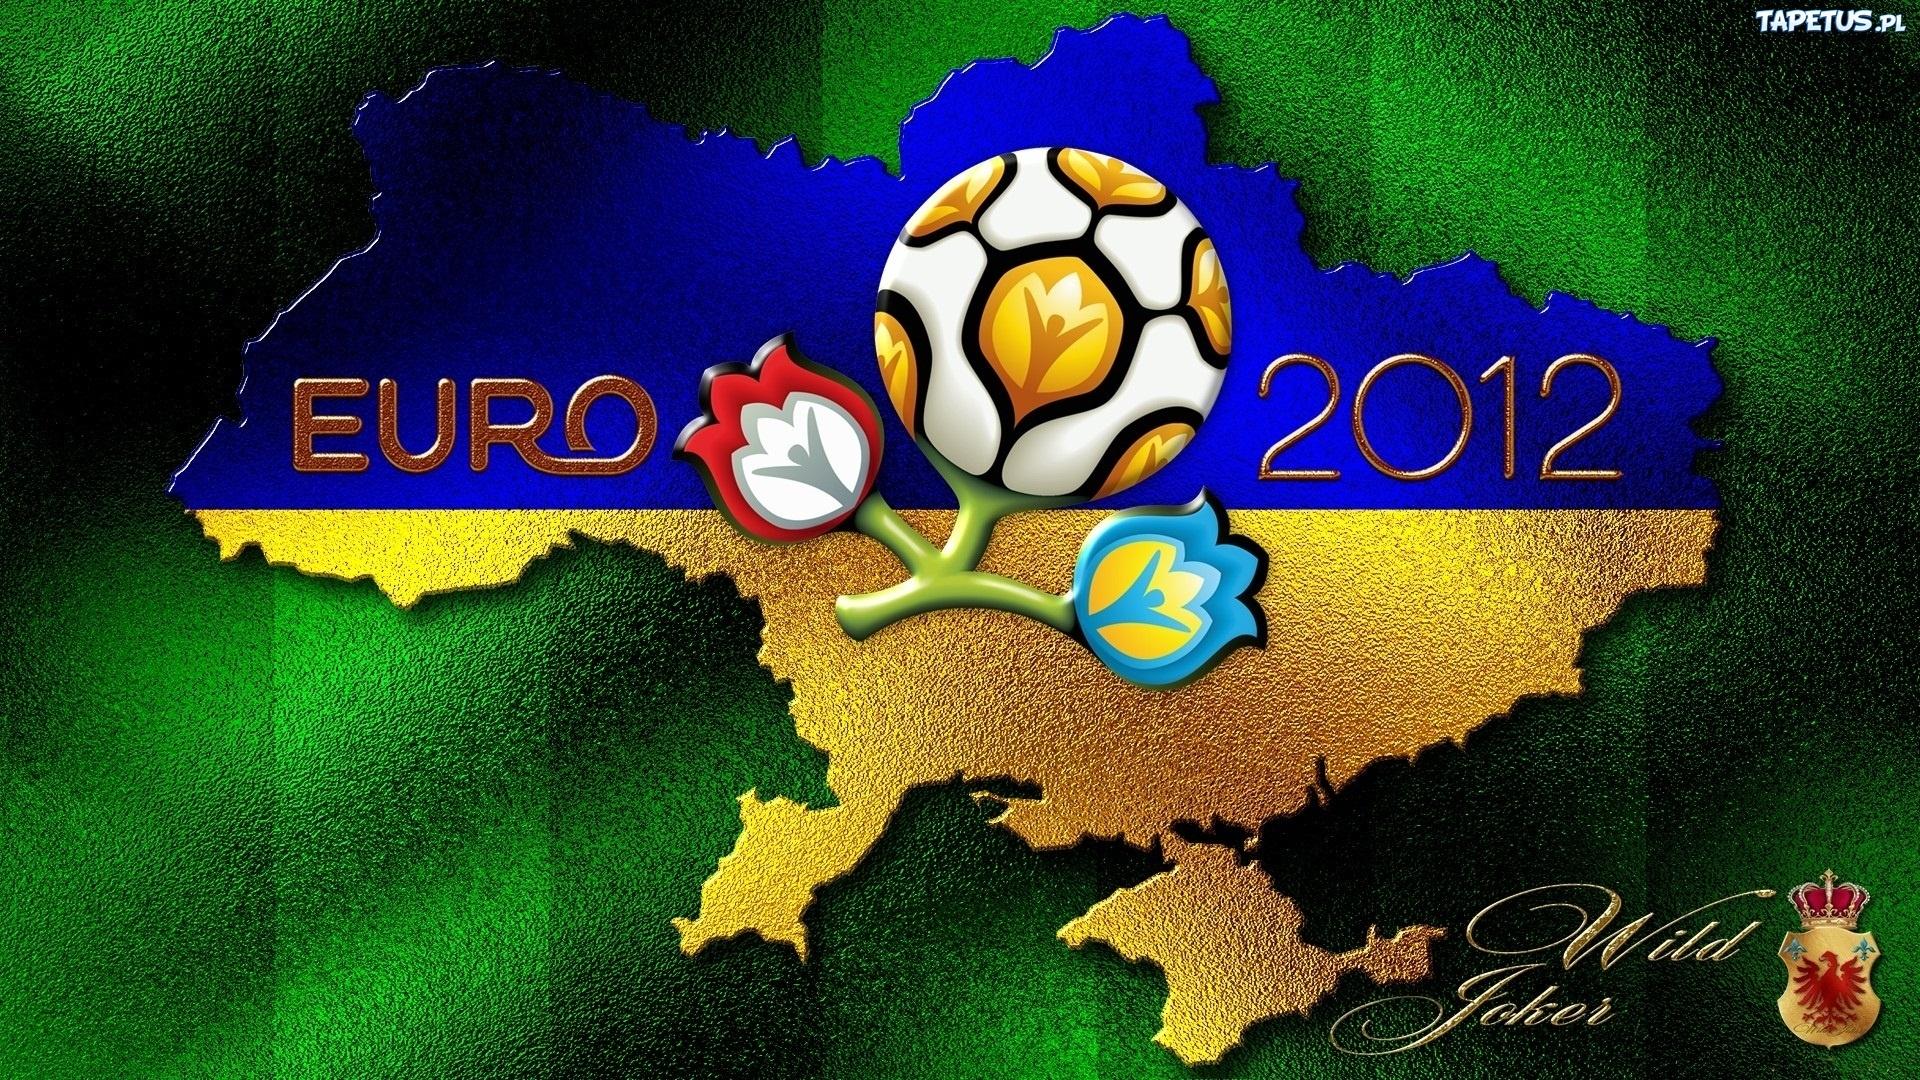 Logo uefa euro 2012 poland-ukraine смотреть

--

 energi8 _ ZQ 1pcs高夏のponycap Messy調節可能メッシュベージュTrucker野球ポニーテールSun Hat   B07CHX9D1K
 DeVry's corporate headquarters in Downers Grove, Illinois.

**EXERCISE GOAL**
In the listing above, find the line containing "energi8 _ ZQ" and the line containing "DeVry's corporate headquarters". Output them and every line between, exactly, and nothing else.

**RESULT OF THIS TASK**
 energi8 _ ZQ 1pcs高夏のponycap Messy調節可能メッシュベージュTrucker野球ポニーテールSun Hat   B07CHX9D1K
 DeVry's corporate headquarters in Downers Grove, Illinois.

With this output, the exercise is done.